11. Un-thinkable (I'm Ready)

I've looked at expressions for removeleft and removecharacters but can't seem to find the correct syntax.  Any help would be appreciated.

Thanks
Matt

Logged

hoyt

  • MC Beta Team
  • Citizen of the Universe
  • *****
  • Posts: 863
Re: Removing all characters up to the first Capitalized word
« Reply #1 on: April 01, 2021, 01:50:07 pm »

I'm by no means a regex expert, but I think looking into that will solve a situation like this.  Here's what I did quickly that worked on the few examples you provided:

Regex([field],/#(([A-Z]).*?.+(.\w|[[:punct:]]))#/,1,1)

I added that |[[:punct:]] because I assumed "11    What's The Matter Here?   " should be: "What's The Matter Here?"

Someone else may see a more efficient way, but that at least seemed to address the question.
Logged

mvandyke

  • World Citizen
  • ***
  • Posts: 157
Re: Removing all characters up to the first Capitalized word
« Reply #2 on: April 01, 2021, 03:03:08 pm »

I'm by no means a regex expert, but I think looking into that will solve a situation like this.  Here's what I did quickly that worked on the few examples you provided:

Regex([field],/#(([A-Z]).*?.+(.\w|[[:punct:]]))#/,1,1)

I added that |[[:punct:]] because I assumed "11    What's The Matter Here?   " should be: "What's The Matter Here?"

Someone else may see a more efficient way, but that at least seemed to address the question.
;D ;D ;D  Perfect - that worked and thanks so much for your help!

Logged

zybex

  • MC Beta Team
  • Citizen of the Universe
  • *****
  • Posts: 2376
Re: Removing all characters up to the first Capitalized word
« Reply #3 on: April 01, 2021, 04:11:03 pm »

There's no need to define what comes after the first capital letter:
regex([field], /#([A-Z].*)#/,1,1)

Logged

Wheaten

  • Guest
Re: Removing all characters up to the first Capitalized word
« Reply #4 on: April 01, 2021, 04:12:40 pm »

only change i would suggest is expand domain [A-Z] to [A-Za-z]. In case your start word has no capital.

Regex([field],/#(([A-Za-z]).*?.+(.\w|[[:punct:]]))#/,1,1)

If you want to play/test REGEX, I suggest to download Expresso.
Logged

zybex

  • MC Beta Team
  • Citizen of the Universe
  • *****
  • Posts: 2376
Re: Removing all characters up to the first Capitalized word
« Reply #5 on: April 01, 2021, 04:16:14 pm »
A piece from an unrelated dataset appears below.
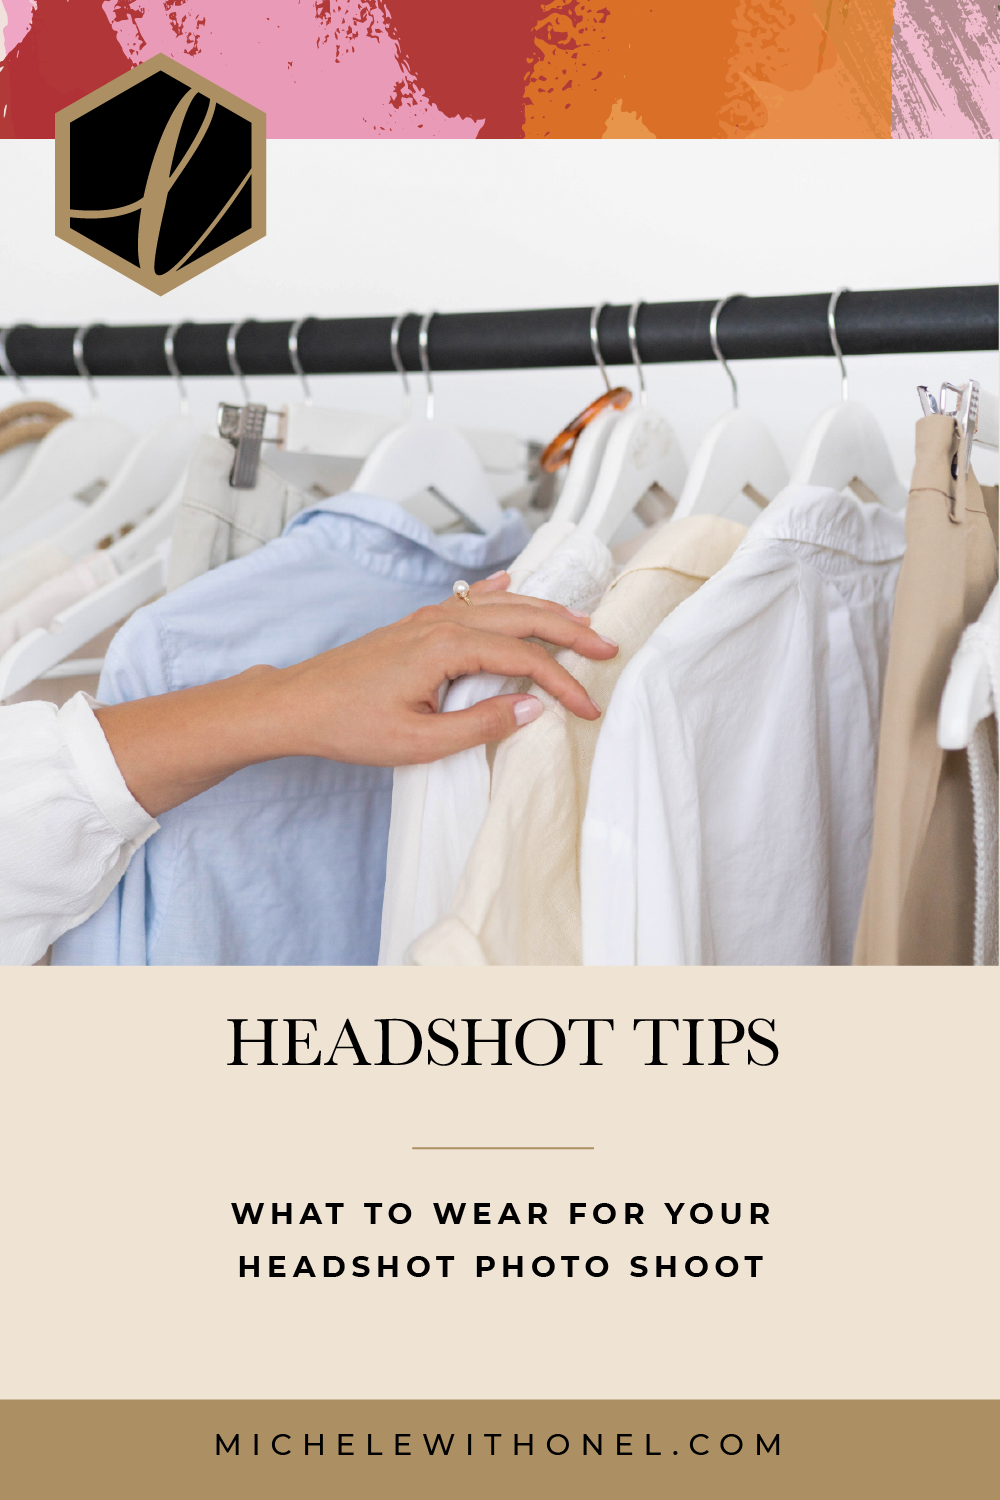 Ever struggle with what to wear for your headshot session? If so, these headshot tips are for for you! Start reading to find out what color to wear, what sleeve length works best, how much makeup to wear, and more! #headshots #whattowear #businessheadshots #wardrobe
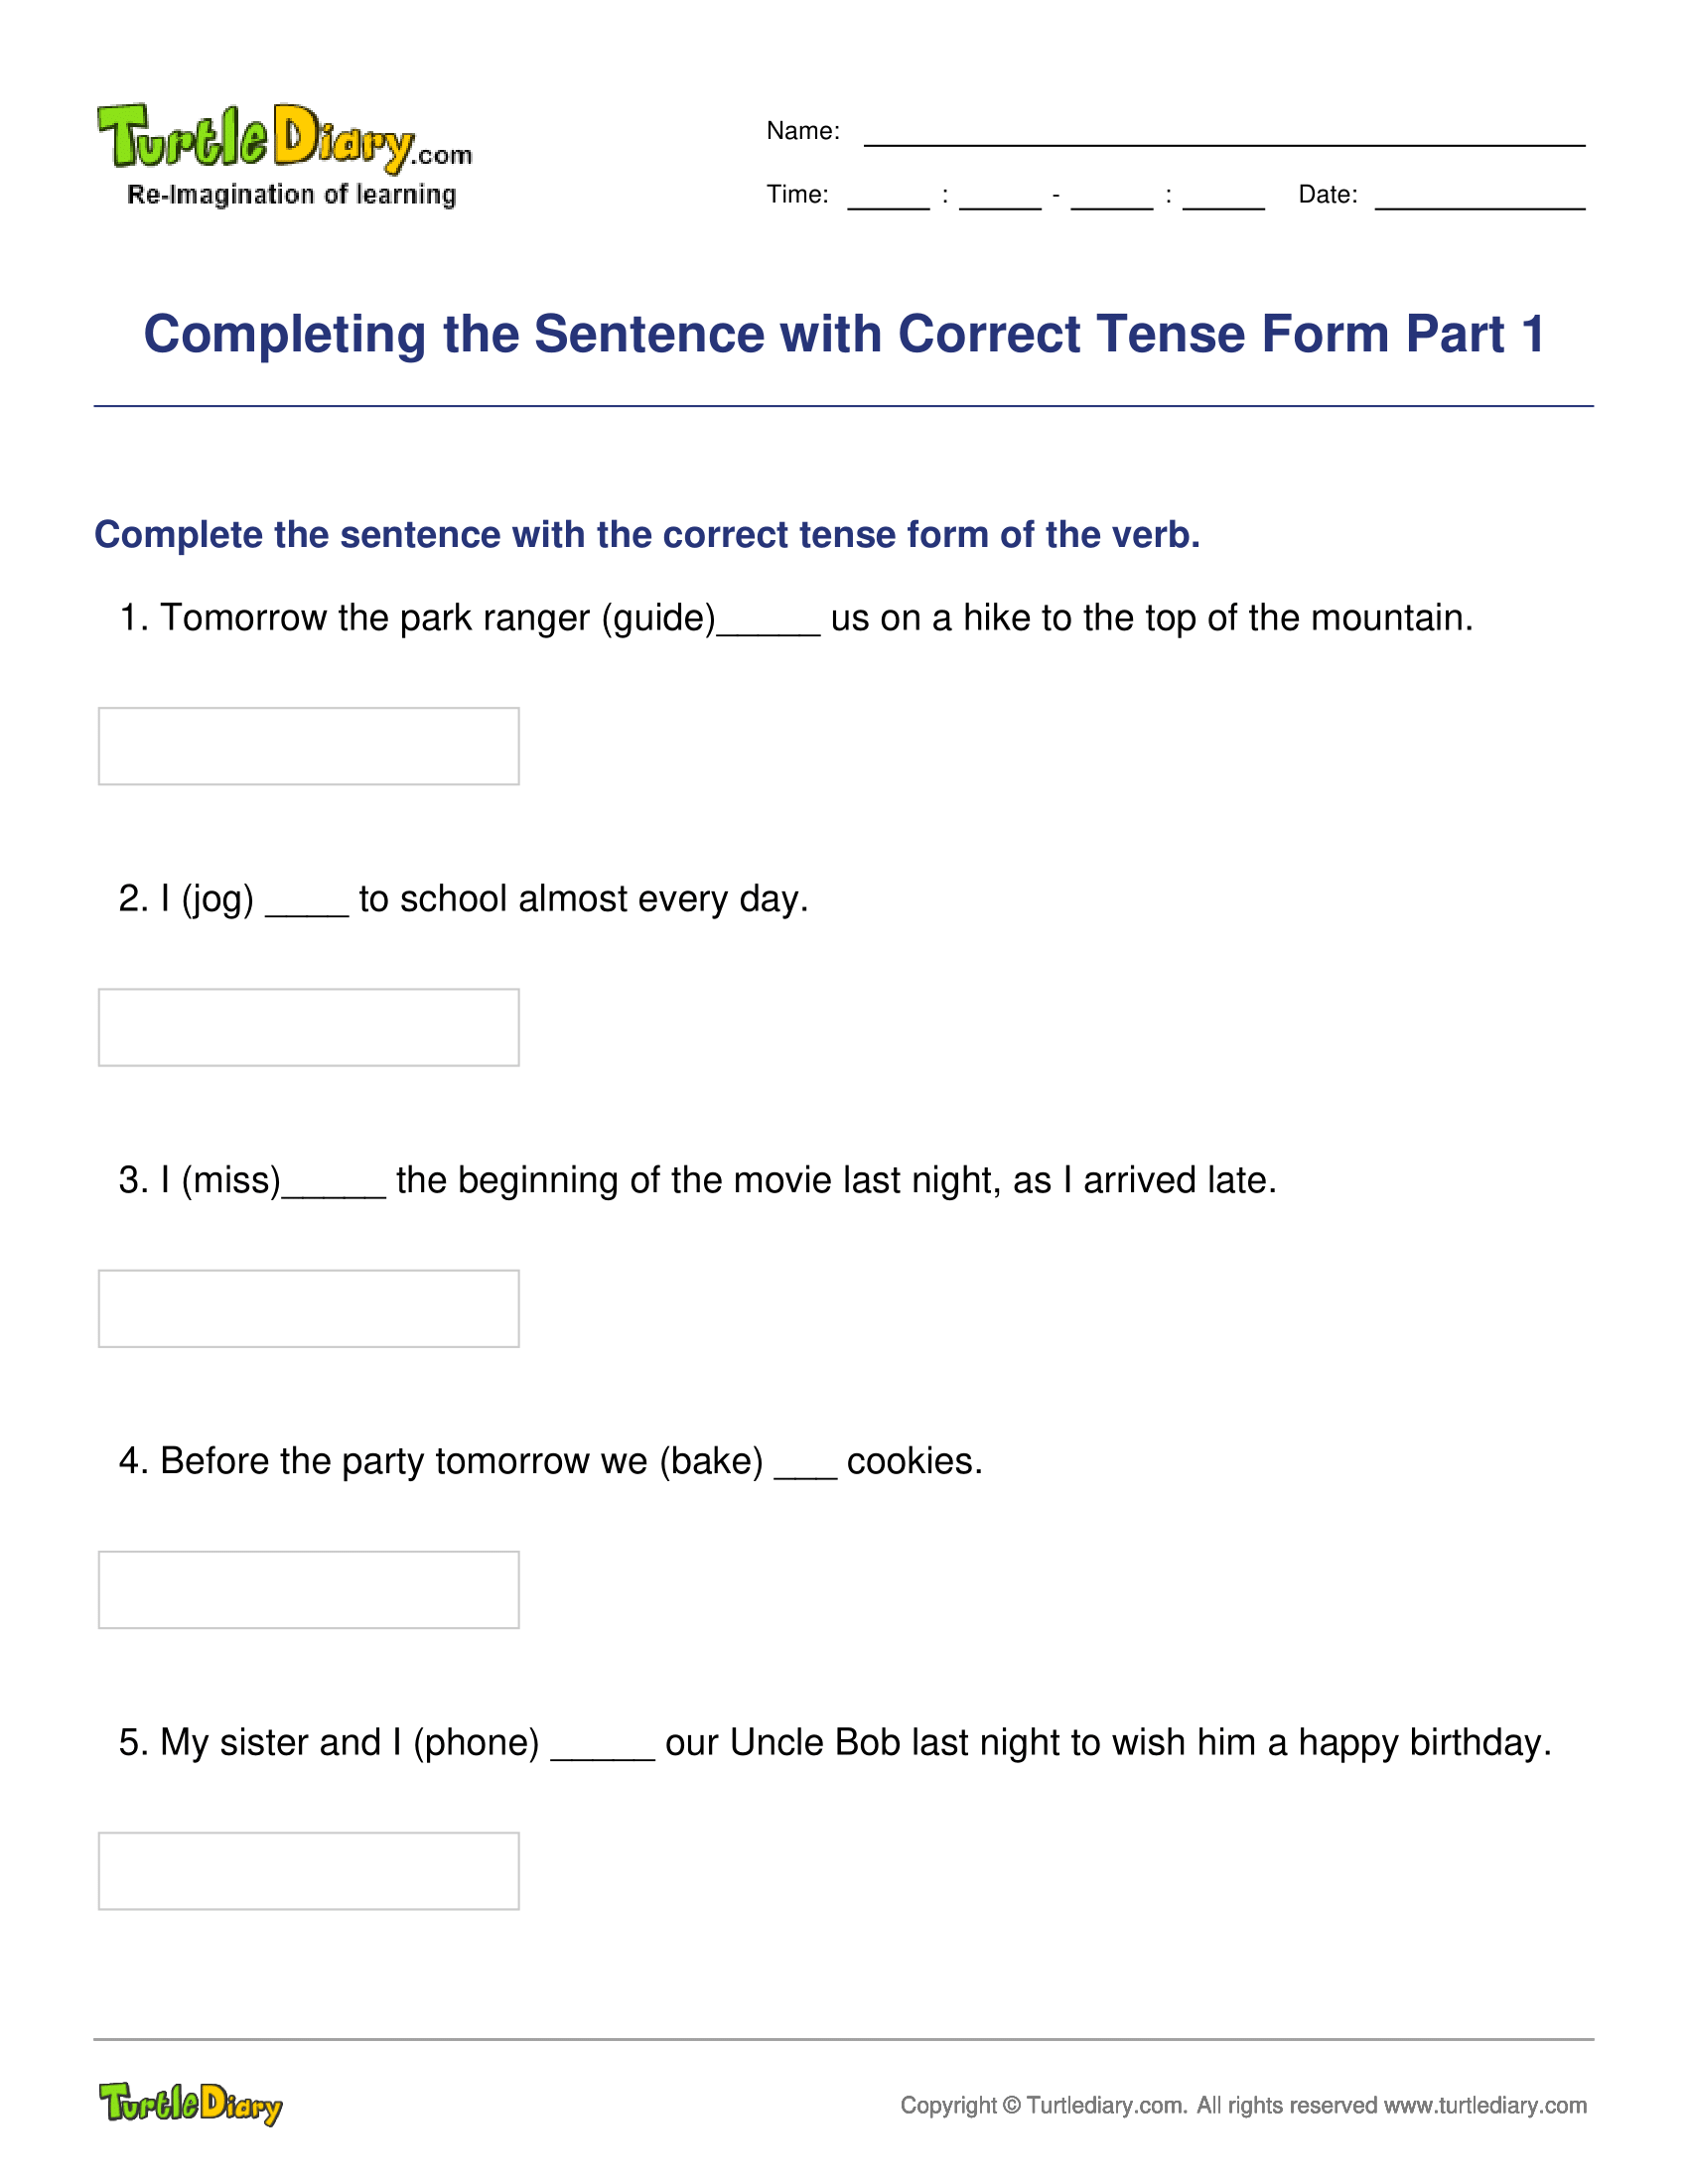 Completing the Sentence with Correct Tense Form Part 1

You can just remove the last arg to make it case-insensitive:
regex([field], /#([A-Z].*)#/,1)
Logged

hoyt

  • MC Beta Team
  • Citizen of the Universe
  • *****
  • Posts: 863
Re: Removing all characters up to the first Capitalized word
« Reply #6 on: April 01, 2021, 04:20:58 pm »

There's no need to define what comes after the first capital letter:
regex([field], /#([A-Z].*)#/,1,1)

You're right.  I originally had the second part to remove the " -" from this one: 1. Moonshadow - .  Then I added the punct and that re-includes the hyphen.  May be better off specifically calling out the punctuation to keep?

(([A-Z]).*?.+(.\w|\?|\!|\.))

And when I tried it without the last element, it wasn't matching the case correctly in MC.  It was dropping that first letter from my match group for some reason.
Logged

zybex

  • MC Beta Team
  • Citizen of the Universe
  • *****
  • Posts: 2376
Re: Removing all characters up to the first Capitalized word
« Reply #7 on: April 01, 2021, 04:30:16 pm »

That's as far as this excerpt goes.